Yvette Borup Andrews (February 28, 1891 – April 12, 1959) was an American photographer associated with the American Museum of Natural History. With the museum's director, Roy Chapman Andrews, she traveled to Central Asia twice during 1916–18 for the museum's First and Second Asiatic Zoological Expeditions.

==Early life==
Yvette Huen Borup was born in Paris to American parents, Henry Dana Borup (1854–1916) and Mary Watson Brandreth Borup (1854–1897). Her father was an American military attaché in Paris and Berlin before World War I. Her maternal grandfather, George A. Brandreth, and her great-grandfather, Congressman Aaron Ward, were both New York politicians. Her great-great-grandfather, Elkanah Watson, was a notable New York businessman. Her older brother George Borup was an assistant to Robert Peary on the North Pole Expedition, and wrote a book about his experiences in the Arctic. Yvette Borup was educated in France, Germany, Italy, and New York. One of her school friends at the Kaiserin Auguste Institute was Princess Victoria Louise of Prussia.

==Career==
Yvette Borup Andrews was an ethnographic photographer and filmmaker for the American Museum of Natural History. She was the photographer assigned to the museum's First Asiatic Zoological Expedition (1916–1917), to China, Tibet, and Burma, and the Second Asiatic Zoological Expedition (1918), to Mongolia and North China, both expeditions led by her husband. She developed her still images and films in a portable "rubber darkroom" in the field. In the 1920s she was again in the field with Andrews, as photographer on the museum's Central Asiatic Expeditions. On that trip, she photographed the last Maidari Festival in Ulaanbaatar, creating a valuable historical document of the custom.

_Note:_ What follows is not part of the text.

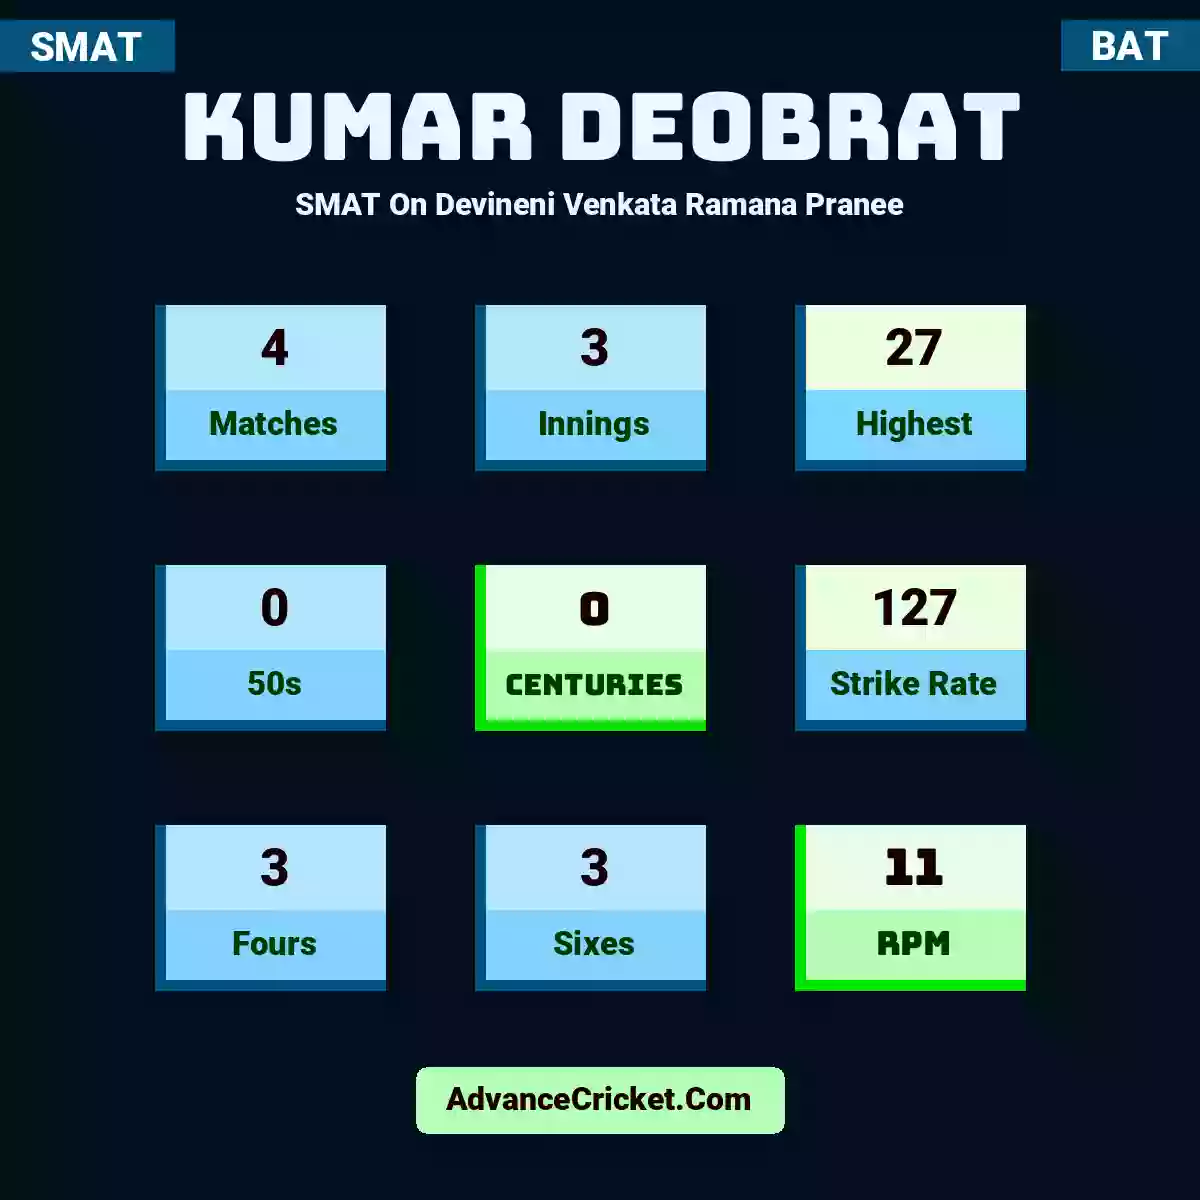 Kumar Deobrat SMAT  On Devineni Venkata Ramana Pranee, Kumar Deobrat played 4 matches, scored 27 runs as highest, 0 half-centuries, and 0 centuries, with a strike rate of 127. K.Deobrat hit 3 fours and 3 sixes, with an RPM of 11.

Her photographs were published in Camps and Trails in China (1918), a book she co-authored with her husband. More photographs by Andrews appeared in Across Mongolian Plains (1921). Soon after their 1931 divorce, Roy Chapman Andrews told an audience that "Physically and intellectually, women may be the equals of men for the work of exploration, but temperamentally they are not. They do not stand up under the little daily annoyances that loom large to them in the somewhat trying work involved on an expedition. The trivialities which men can ignore completely disturb them and prevent them from settling down to hard and conscientious work." The Society of Woman Geographers objected to his observations.

In 1940, she was active with the Committee to Defend America by Aiding the Allies, volunteering as a "Minute Woman" at a phone bank to build support for the United States' entry into World War II.

==Personal life==

Yvette Borup married naturalist Roy Chapman Andrews (1884–1960) in 1914; he was an acquaintance of her late brother. She had two sons. The father of George Borup Andrews (1917–2007) was Roy Chapman Andrews but, although Yvette was married to Roy Chapman Andrews at the time of the birth of her second son, Roy Kevin Andrews (1924–1989), the first man to visit her to see the newborn son was not Roy Chapman Andrews, but Harold St Clair (Chips) Smallwood. On the eve of Kevin's marriage nearly 30 years later, Yvette announced to Kevin that Smallwood, and not Roy Chapman Andrews was his father. Yvette and Roy Chapman Andrews were divorced in 1931. She died in a 1959 traffic accident, near Bahabón de Esgueva, in the province of Burgos, Spain, aged 68 years.